Sunday Morning LitLinks

Tim Adams profiles “ultimate pessimist” and “reclusive soothsayer” Cormac McCarthy. (The Guardian)
Professor Michael Wutz discusses why the novel will never die. (Salt Lake Tribune)
Gary Dexter returns with a new story behind the name, this time looking at Kingsley Amis’s Lucky Jim. (The Telegraph)
Dean Radar rounds up the year’s best poetry books. (San Francisco Chronicle)
Borders CEO not too warm on the idea of a proprietary eReader. (Reuters)
Katy Guest looks back at the year’s most thrilling literary launches. (The Independent)
M.A. Orthofer looks at some of the year’s “best of” lists outside of the U.S. and U.K. (The Literary Saloon)
Oliver Marre tries to figure out why people hate Ian McEwan. (The Telegraph)
Louis de Bernières and other British writers are bringing back the days of the literary salon. (The Guardian)
On this day in 1929, D.H. Lawrence’s Lady Chatterly’s Lover was banned in the United States. (Today in Literature)


AuthorScoop
December 20th, 2009 at 1:25 pm
Hmmm.

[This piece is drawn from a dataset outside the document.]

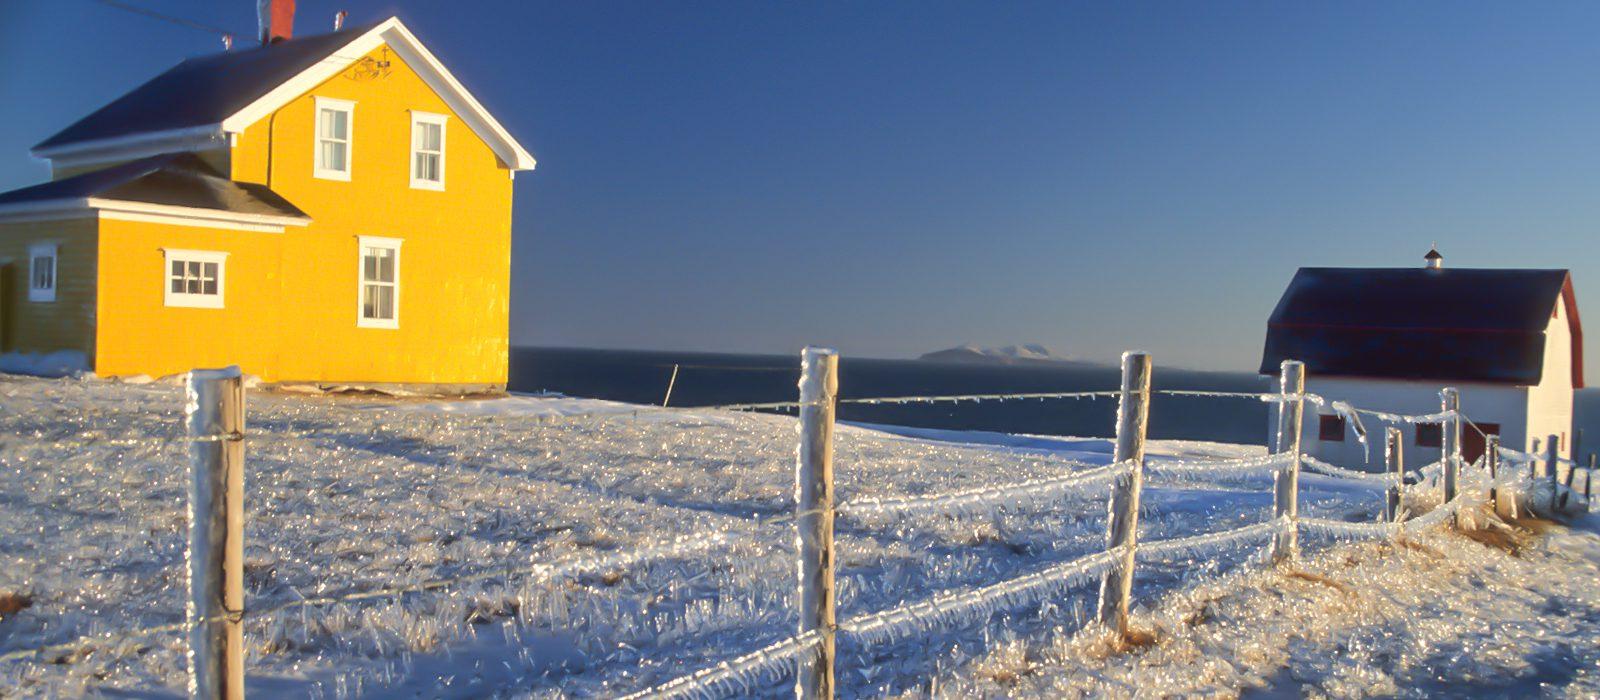 un-hiver-actif-au-quebec-iles-de-la-madeleine-bebe-phoque-quebec-le-mag

I’ve only just read my first Ian McEwan, AMSTERDAM, and I thought it was terrific. Couldn’t put it down.
“Much of the recent criticism has, bizarrely, pointed out that McEwan is concerned solely with stories about the middle classes. One particularly cross chap bemoaned the fall of literature in “the country of Dickens”. That is a bit like complaining that Le Carré only writes about spies and then for good measure comparing him to Thackeray.”
Ha! There’s a strange phenomenon that some people think stories should somehow anticipate what we might have wanted them to be instead of evaluating what they are. I don’t know if it’s the click-happy technology making every damned thing from gas pumps to plush toys ‘interactive’ and answerable to our whims, but we seem to be losing the ability to spectate.
It’s as if the balance between action and its equal and opposite reaction is off. And that ain’t just physics, it practice for life. Creation and control are elements of the human experience, but everything’s a bit lopsided when we don’t develop our ability to respond to what never required our input.
December 20th, 2009 at 2:35 pm
the irony, of course, being that the same technology makes it easier than ever to “change the channel,” as it were. instead of trying to cram good artists into some other mold, seek out the author you “want him to be” elsewhere…
December 20th, 2009 at 4:30 pm
Definitely. My hope would be that quick access would afford people better opportunity to find something that pleases them.